Abraza los tres tarros con cariño y se los coloca en el regazo. Mara Máquina no quiere que los vaivenes de la furgoneta dañen a los pequeños seres vivos que viajan en esos recipientes de plástico. «Son mis pequeñas», dice esta joven entomóloga mozambiqueña, una de las investigadoras más prometederas del Centro de Investigación en Salud Manhiça. Sus pequeñas son larvas de anófeles, el mosquito que como responsable de la transmisión de la malaria es protagonista en una enfermedad que cada año mata a cientos de miles de personas en el planeta. El mosquito no es nocivo, pero es el vector utilizado por el parásito de la malaria para viajar de un ser humano a otro.

Máquina, licenciada en veterinaria, justifica su pasión por los mosquitos pese a su mala fama. Su prioridad ahora es criar cuantos más mosquitos anófeles mejor, sobre todo de las dos variantes más abundantes esa zona, el Anopheles gambiae y el Anopheles funestus. «Tenemos que tener muchos mosquitos. Los necesitamos para probar la eficacia de los insecticidas. Tenemos qué saber si funcionan o no, con qué variedad funcionan más y cuánto duran los efectos de los insecticidas», explica. Su labor es fundamental para el programa Malem, con el que pretenden eliminar la malaria del distrito de Magude.

Las pruebas consisten en rociar la pared con insecticida y colocar un recipiente con mosquitos sobre esa superficie. Los dejan media hora y comprueban si han sobrevivido. Esa prueba la hacen regularmente sobre esas paredes para saber cuánto tiempo tarda el insecticida en dejar de ser eficaz. Las pruebas hechas hasta ahora apuntan a que el insecticida empleado -Pirimifos-Metil- mata al 80% de los mosquitos y su efecto dura entre seis y siete meses.

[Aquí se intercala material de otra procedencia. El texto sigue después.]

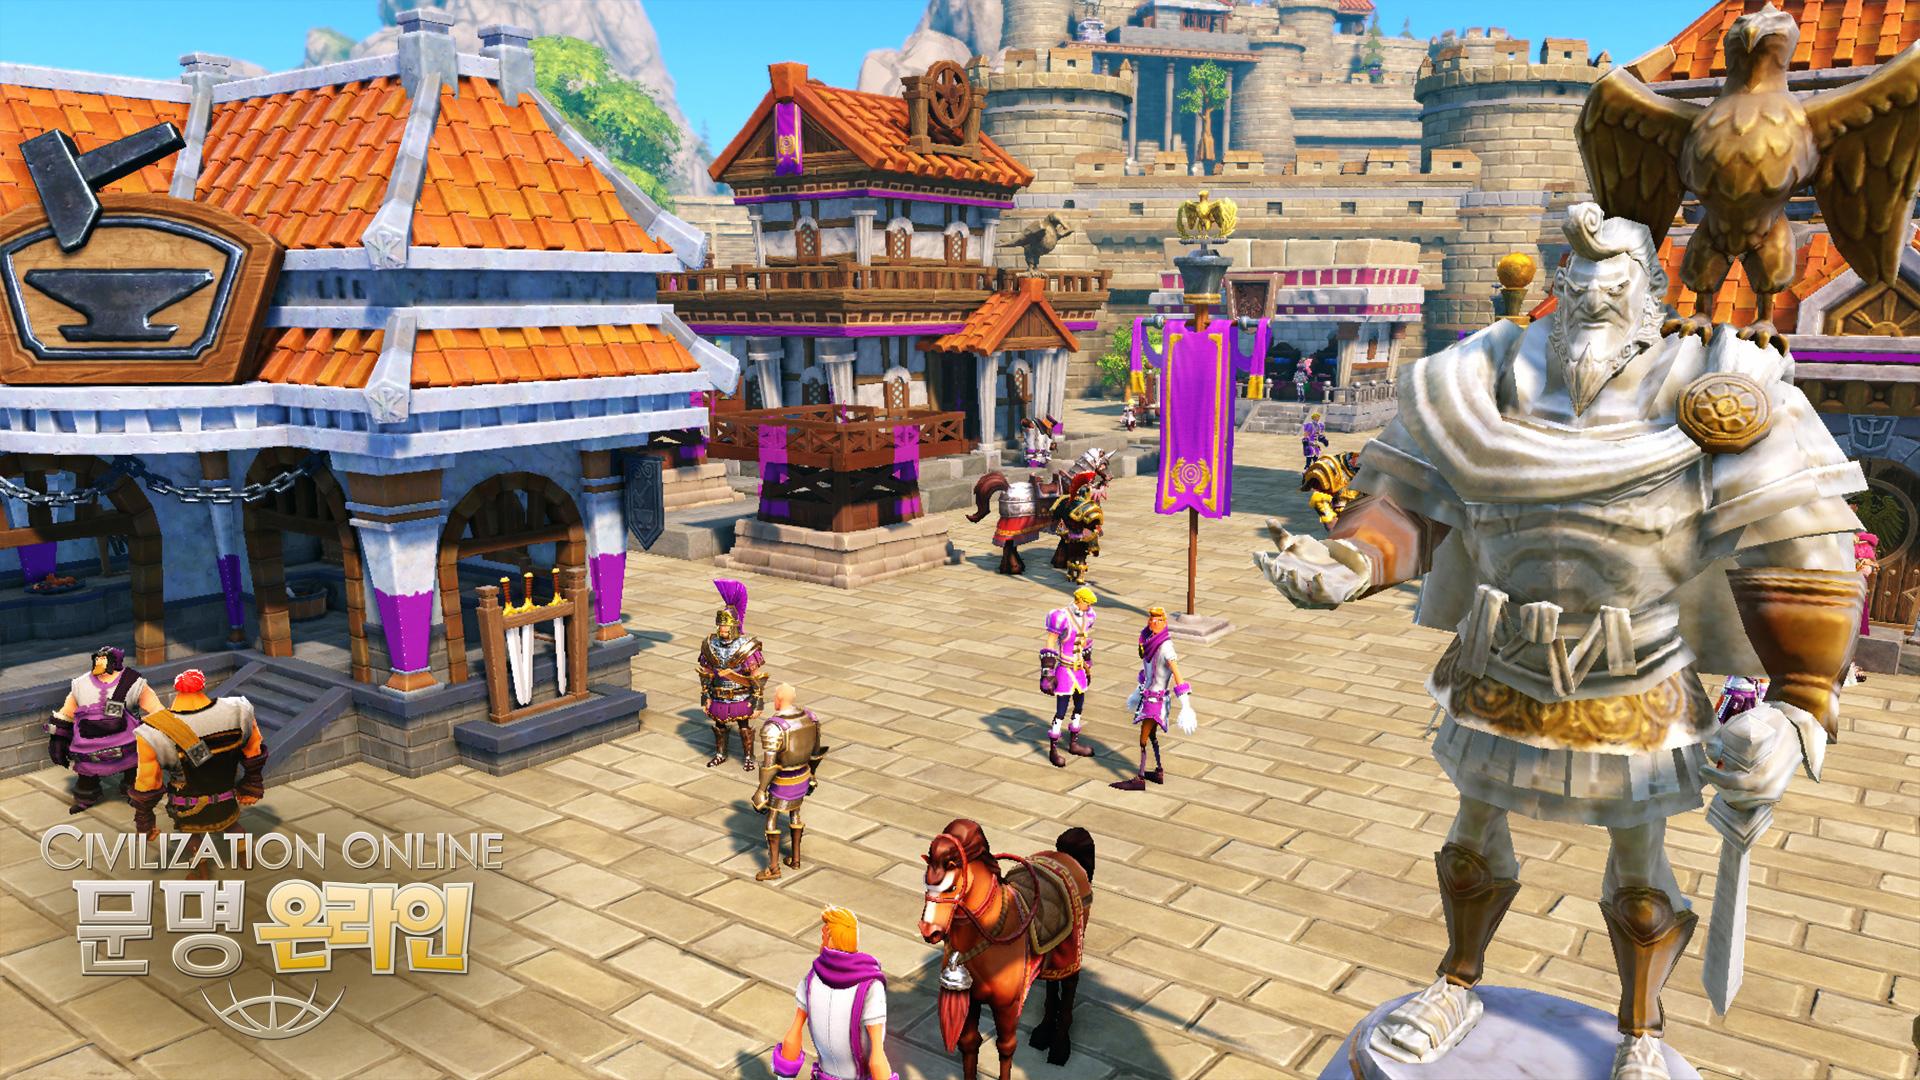 Cận cảnh Civilization Online trong giai đoạn CBT 1

En el insectario del CISM, centro creado hace 20 años por la Cooperación Española, compuesto por unos contenedores equipados con dispositivos que mantienen una temperatWura constante superior a 30 grados, tienen ya 2.000 mosquitos y 3.000 larvas.

Criar un mosquito no es fácil. Primero hace falta conseguir larvas. El laboratorio importó unas desde Sudáfrica y ahora está recogiendo de los ríos de la zona. Los entomólogos se meten en el agua y buscan los pequeños gusanos. Los identifican porque la larva del anófeles se desplaza por encima de la superficie del agua. Una vez capturadas, las larvas se colocan en pequeñas palanganas de plástico con agua destilada. Allí se las alimenta. «Les damos alimento para peces, agua con azúcar e incluso papilla de bebé», explica Mara.

Conforme van creciendo, los cambian de una palangana a otra. Tras seis o siete días se convierten en pupas que, uno o dos días después, eclosionan en mosquitos. En ese momento, machos y hembras copulan. «Esa inseminación le sirve a la hembra para toda la vida. Ya no ha de aparearse más», explica Celso Antonio Alafo, otro entomólogo.

Para desarrollar los huevos, la hembra necesita alimentarse de sangre, que no puede estar coagulada. Hay un dispositivo formado por unos recipientes con una superficie que simula piel y donde los mosquitos pueden picar y alimentarse de sangre de vaca. A los anófeles no parece gustarles. Así que son los entomólogos los que, con su sangre, les alimentan. Ilidio Sitoe es uno de ellos. «Cada semana meto el brazo. Durante media hora, unos 500 mosquitos se alimentan de mi sangre», cuenta. Una vez que las hembras han chupado la sangre, a los dos días ponen los huevos.